Pi5 and Pi6, two undescribed peptides from the venom of the scorpion Pandinus imperator and their effects on K+-channels

- Two short length peptides: Pi5 and Pi6 were purified and characterized from Pandinus imperator scorpion venom.
- Pi5 has 33 amino acids and constitutes a new subfamily of α-KTx, (systematic number α-KTx 24.1).
- Pi6 contains 28 amino acids, two disulfide bonds, and is a new member of the κ-KTx (systematic number κ-KTx2.9).
- Pi5 inhibited Shaker B, hKv1, Kv1.2 and hKv1.3 channels at nanomolar concentrations.
- Pi6 is a non-selective blocker of hKv1.2 and hKv1.3 channels.

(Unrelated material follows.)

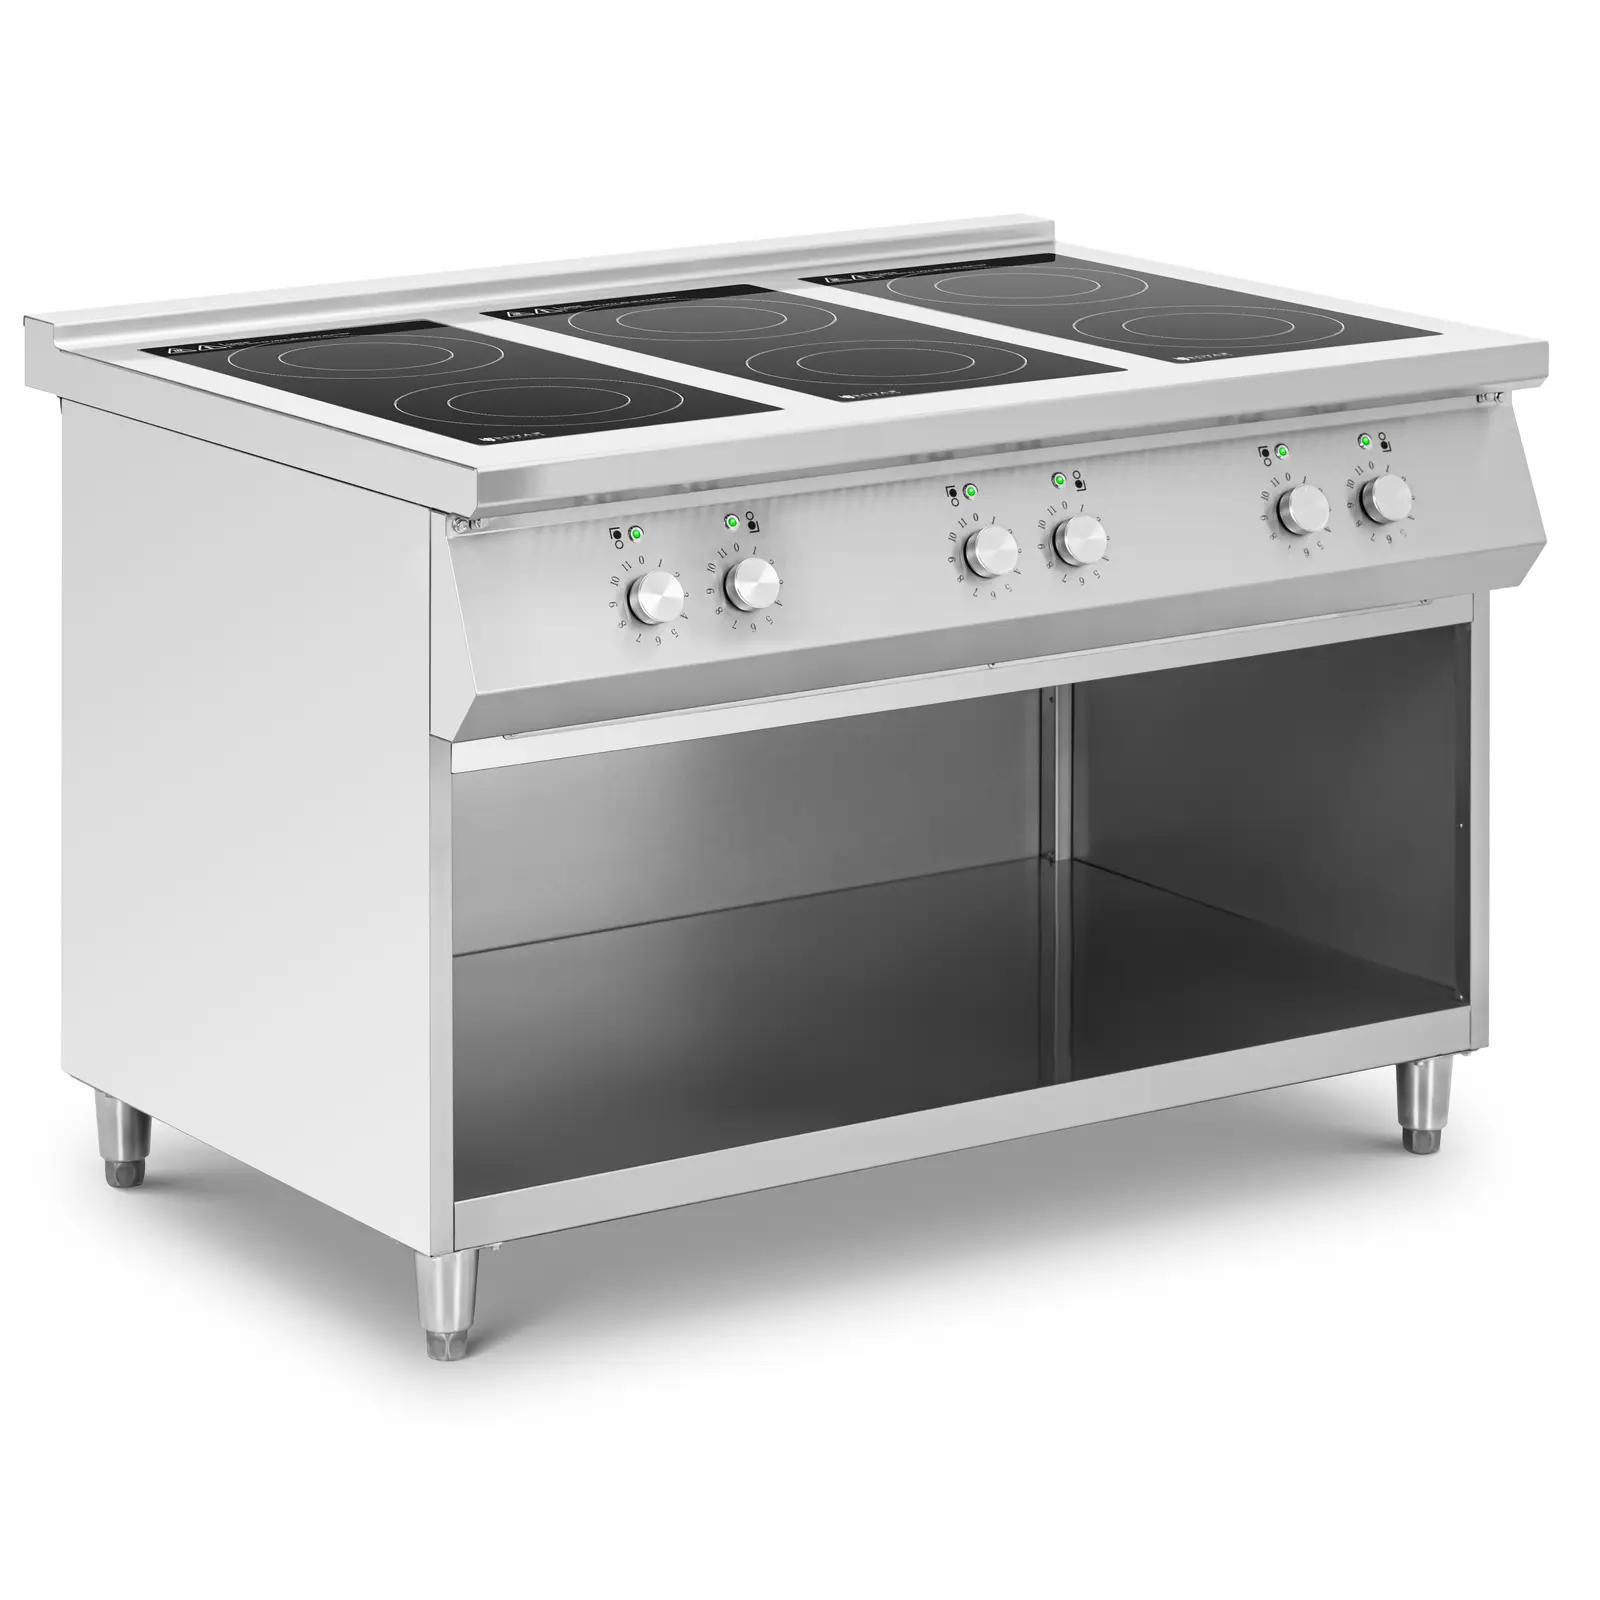 Induction Hob - with open base - 6 hobs - 25.5 kW - up to 260 °C - stainless steel - Royal Catering

This work reports the isolation, chemical and functional characterization of two previously unknown peptides purified from the venom of the scorpion Pandinus imperator, denominated Pi5 and Pi6. Pi5 is a classical K+-channel blocking peptide containing 33 amino acid residues with 4 disulfide bonds. It is the first member of a new subfamily, here defined by the systematic number α-KTx 24.1. Pi6 is a peptide of unknown real function, containing only two disulfide bonds and 28 amino acid residues, but showing sequence similarities to the κ-family of K-channel toxins. The systematic number assigned is κ-KTx2.9. The function of both peptides was assayed on Drosophila Shab and Shaker K+-channels, as well as four different subtypes of voltage-dependent K+-channels: hKv1.1, hKv1.2, hKv1.3 and hKv1.4. The electrophysiological assays showed that Pi5 inhibited Shaker B, hKv1.1, hKv1.2 and hKv1.3 channels with Kd = 540 nM, Kd = 92 nM and Kd = 77 nM, respectively, other studied channels were not affected. Of the channels tested only hKv1.2 and hKv1.3 were inhibited at 100 nM concentration of Pi6, the remaining current fractions were 68% and 77%, respectively. Thus, Pi5 and Pi6 are high nanomolar affinity non-selective blockers of hKv1.2 and hKv1.3 channels.